Jules Janin schrieb 1839 in seinem Artikel "Der Daguerreotyp": "Wir haben die großen Denkmäler von Paris auf diese
Wiese reproduziert gesehen, von Paris, das nun wirklich die EWIGE STADT werden wird."
Für Janin hatte sich die Stadt verdoppelt und hatte Unsterblichkeit erlangt.
Dass das alte Paris 20 Jahre später von Baron Hausmann linearisiert wird, niedergerissen wird, und den Bedingungen
des industriealisierten Verkehrs und der raschen Ausbreitung von Industrie und Handel angepasst wird --- denn auf Grund
dieser Expansion stand die Stadt im Begriff, unbewohnbar zu werden --- war aus der Sicht Janins nicht mehr als
konsequent. Ebenso wie Paris "lebt" das "alte London" bis heute in den Fotografien von Dixon und den Gebrüdern Bool.

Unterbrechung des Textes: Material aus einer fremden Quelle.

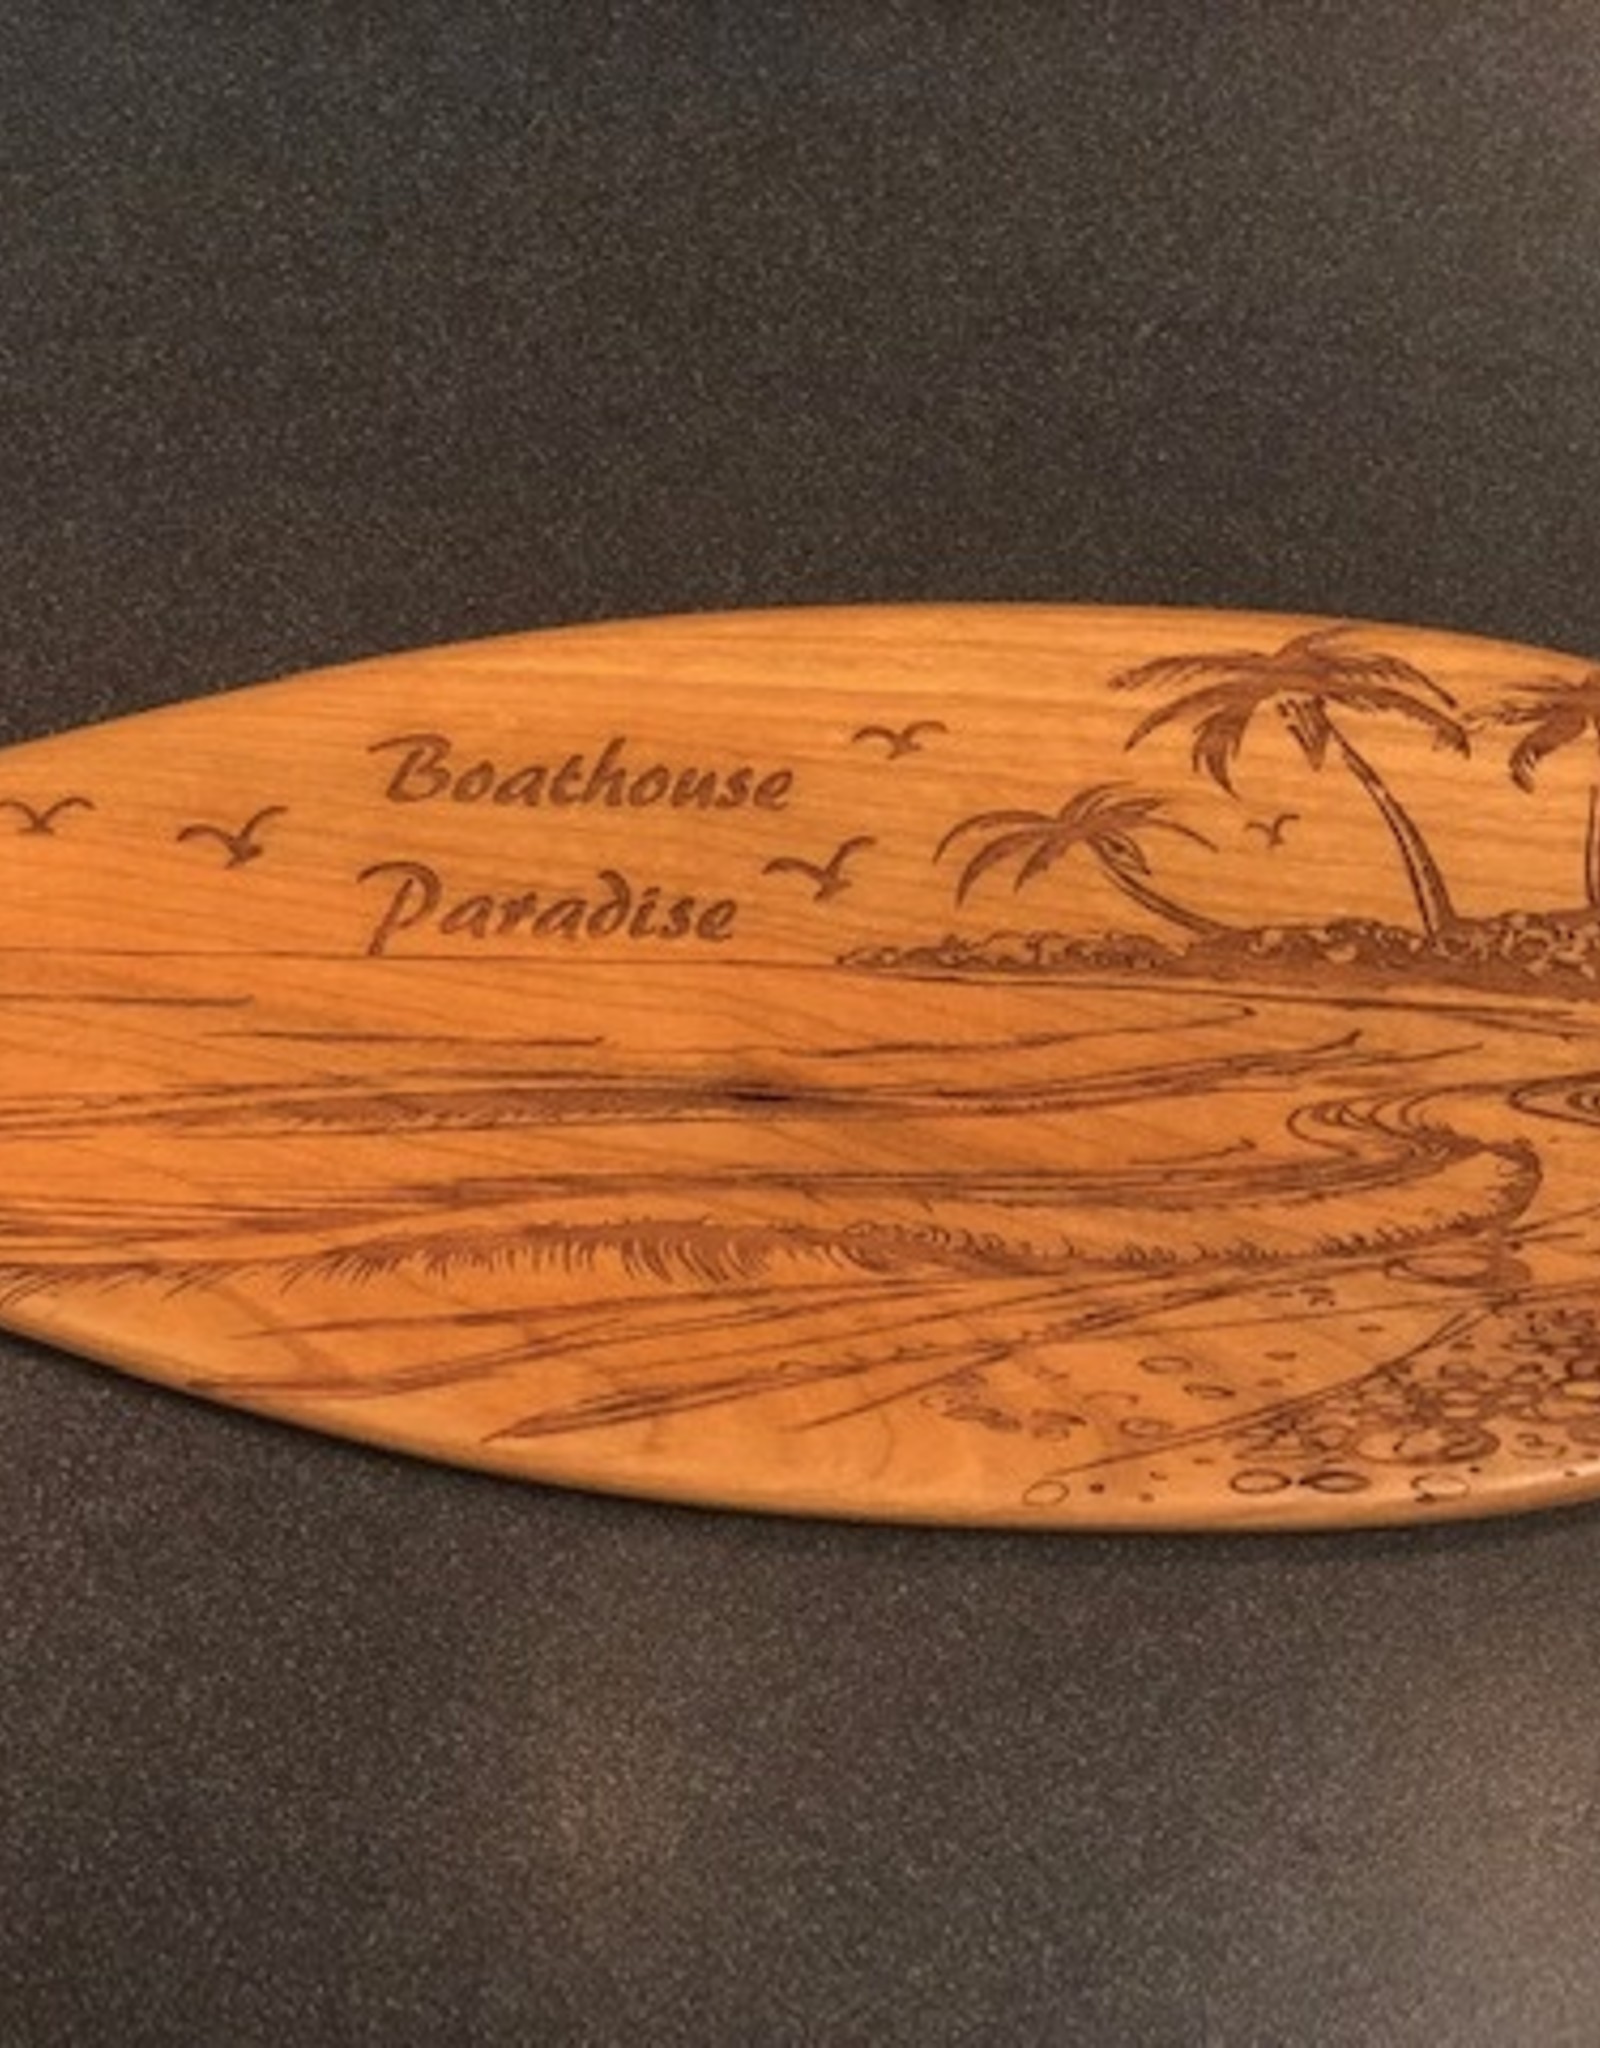 Unique Custom Paddles BOATHOUSE PARADISE PADDLE

Manche Fotobücher nehmen sich so gesehen wie die Ankündigung der Liquidierung des Dargestellten aus.

Resümierend über Zeit und Fotografie lässt sich also sagen:
Die Fotografie untermauert noch einmal die Vergänglichkeit, die sie eigentlich negieren soll. Im Versuch, Dinge aus der
Zeit zu nehmen produziert sie umso unerbittlicher ihre eigenen Antriebskräfte.